Abstract
Keywords
1 Introduction
In past decades, the complex network theory has developed and significantly contributed to the characterization of complex systems. Notably, the complex network analysis of time series has achieved drastic advances in diversified research areas. Reviews of the rapid development in complex network‐based time‐series analysis were presented in the previous studies [1, 2]. Among the published complex network methods, the visibility graph (VG) proposed by Lacasa et al. [3] has established itself as an efficient graph construction approach in the analysis of electroencephalogram (EEG) signals [4], human heartbeat dynamics [5], crude oil price [6], and others. Network motifs are regarded as recurrent subgraphs that are statistically significant to characterize the local structure of a network [7]. Recently, Iacovacci and Lacasa [8] proposed sequential VG motifs that can uncover the nonlinear dynamics underlying time series. The combination of VG and network motif provides a promising method to characterize the complexity of time series from a novel perspective. For example, Choudhary et al. [9] defined horizontal VG motifs as a group if they inherited the same number of edges and employed the groups in heartbeat‐rate analysis. Xie et al. [10] implemented horizontal VG motifs analysis in distinguishing healthy subjects, congestive heart failure subjects, and atrial fibrillation subjects. Ren and Jin [11] proposed sequential limited penetrable VG motifs to extract the information about different flow patterns of oil‐in‐water two‐phase flow. Despite the above‐mentioned achievement, the VG motif provides a limited qualitative on univariate time series, whereas the most widely existent in science and engineering are multivariate time series. Multiplex VG (MVG)‐based methods have been implemented in driver fatigue detection using EEG signals [12], mental disorders analysis using functional magnetic resonance imaging (fMRI) data [13], and nontrivial quantification of coupled chaotic maps [14]. In this study, we developed a novel MVG motif method to estimate the complexity of multilayer network structures.

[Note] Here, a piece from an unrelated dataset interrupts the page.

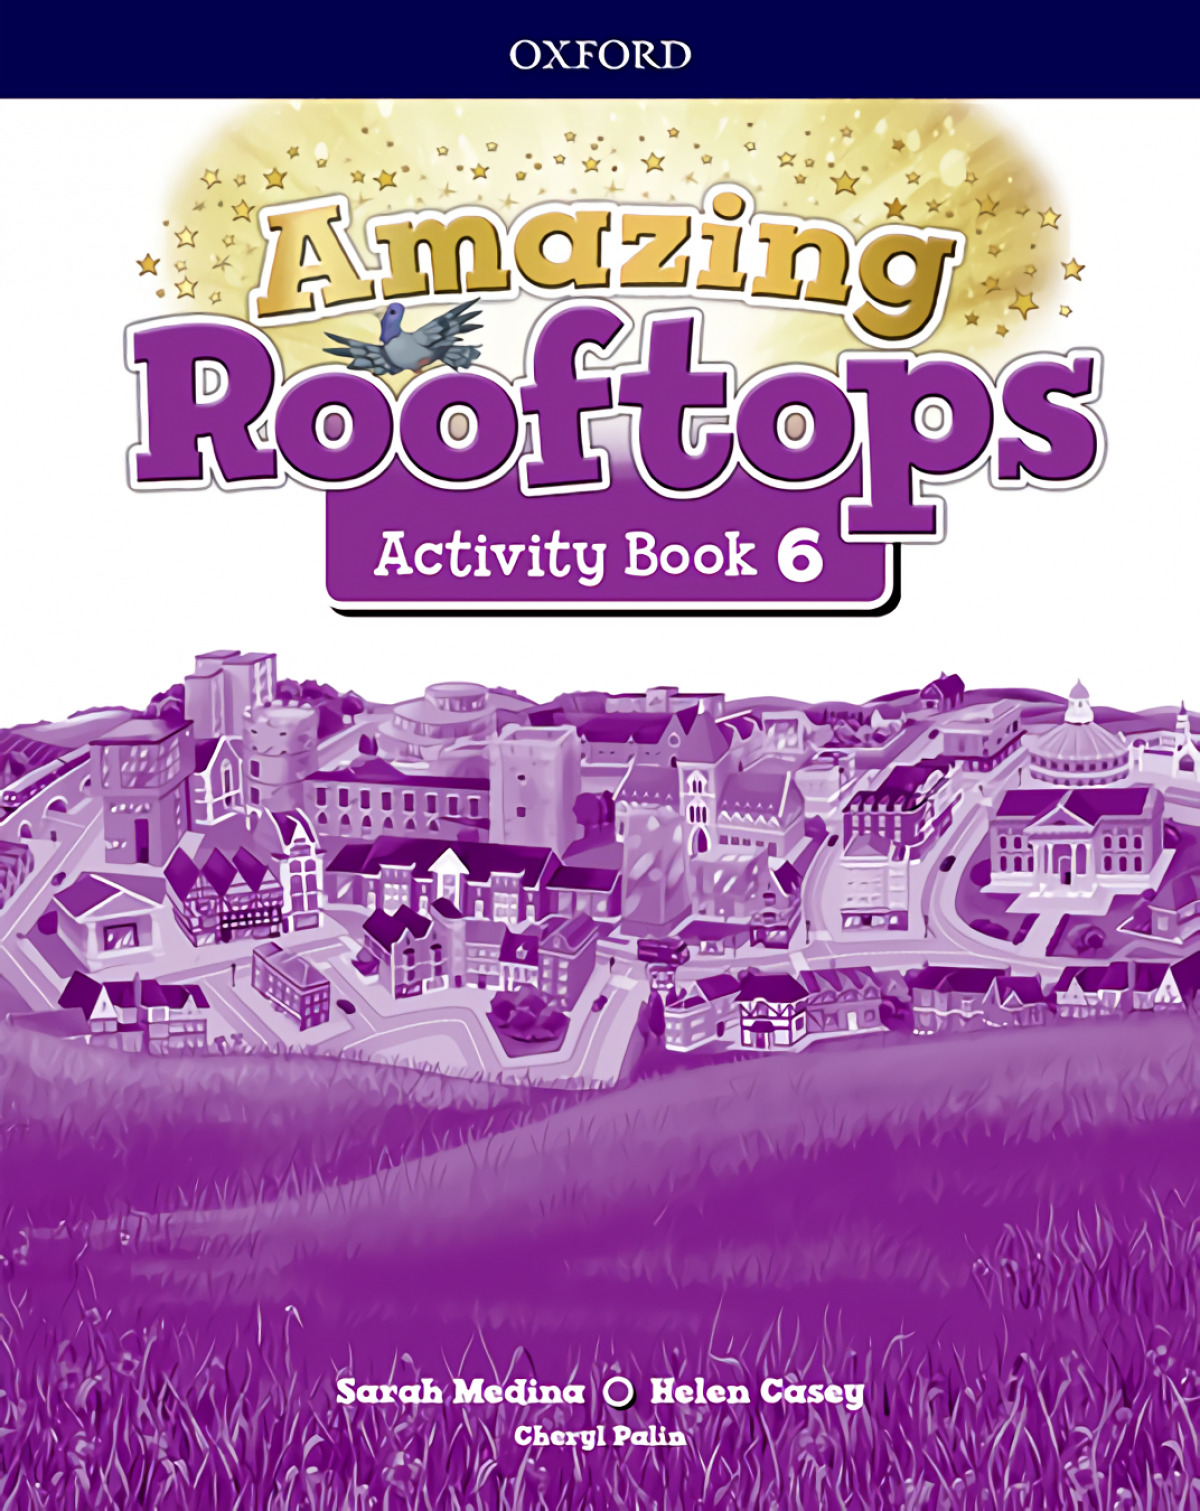 AMAZING ROOFTOPS 6 PRIMARY ACTIVITY BOOK 9780194168427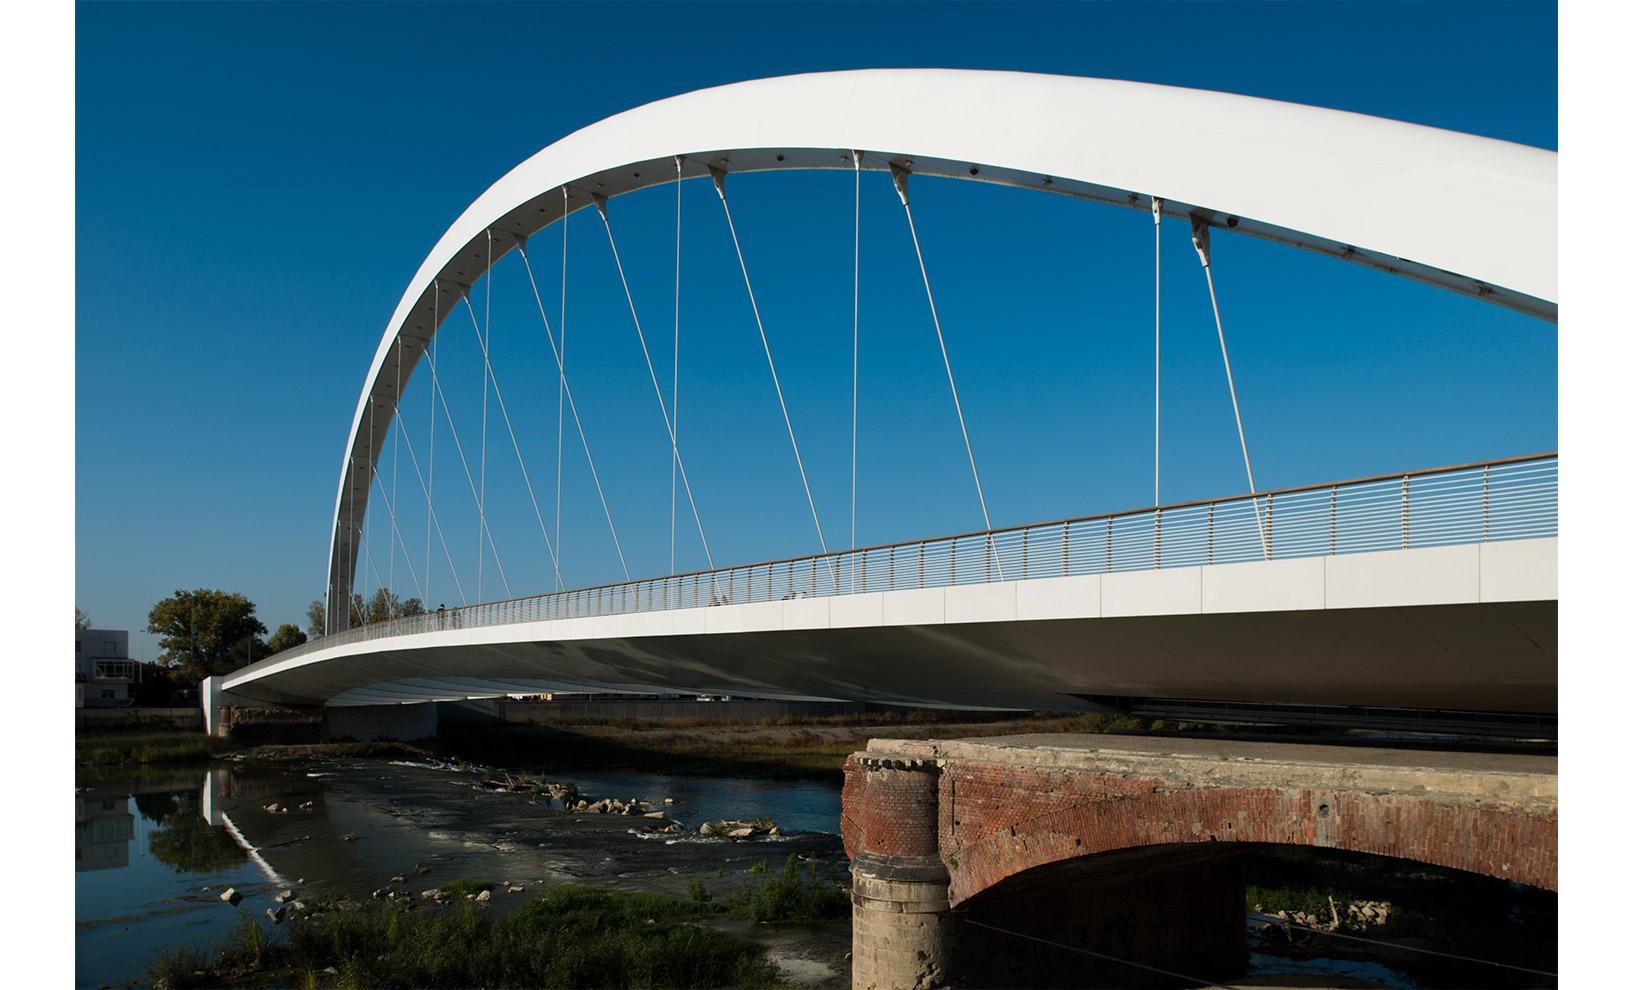 ©marco-tacchini-fotografo-ponte-cittadella-richar-meier-and-partners_13

Sleep plays a crucial role in people’s everyday physical and mental well‐being as it is strongly associated with the performance of many essential daily activities such as reasoning, working efficiency, and mental concentration. There are six sleep stages in a sleeping cycle: wakefulness (W), non‐rapid eye movement (stages 1–4, from light to deep sleep), and rapid eye movement (REM). Sleep is vital for the recovery of the body and brain from fatigue by cycling through the sleep stages. However, with the increasing stress levels, a larger number of people are suffering from sleep‐related disorders and diseases. Sleep disorders are significant risk factors leading to neurological diseases, impaired performances, and deteriorated quality of life. The investigation of sleep disorders has become a topic of great importance in recent years. Polysomnographic recordings, which generally comprise EEG, electro‐oculogram (EOG), electrocardiogram (ECG), and electromyogram (EMG), are acquired from patients to perform sleep‐disorder investigations. The polysomnographic recordings are segmented into 30‐s epochs and classified into the six stages by a disciplined expert based on the Rechtschaffen and Kales (R&K) rules. This process is called sleep stage detection or sleep stage scoring, which is an essential and indispensable procedure in sleeprelated disorder diagnosis, sleep‐related disease treatment, and sleep research. However, manually analyzing polysomnographic recordings is labor exhaustive and subject to an expert’s mental state. Therefore, there is a dire need to develop an automatic sleep‐stage detection system that can provide an objective and repeatable sleep‐stage classification results.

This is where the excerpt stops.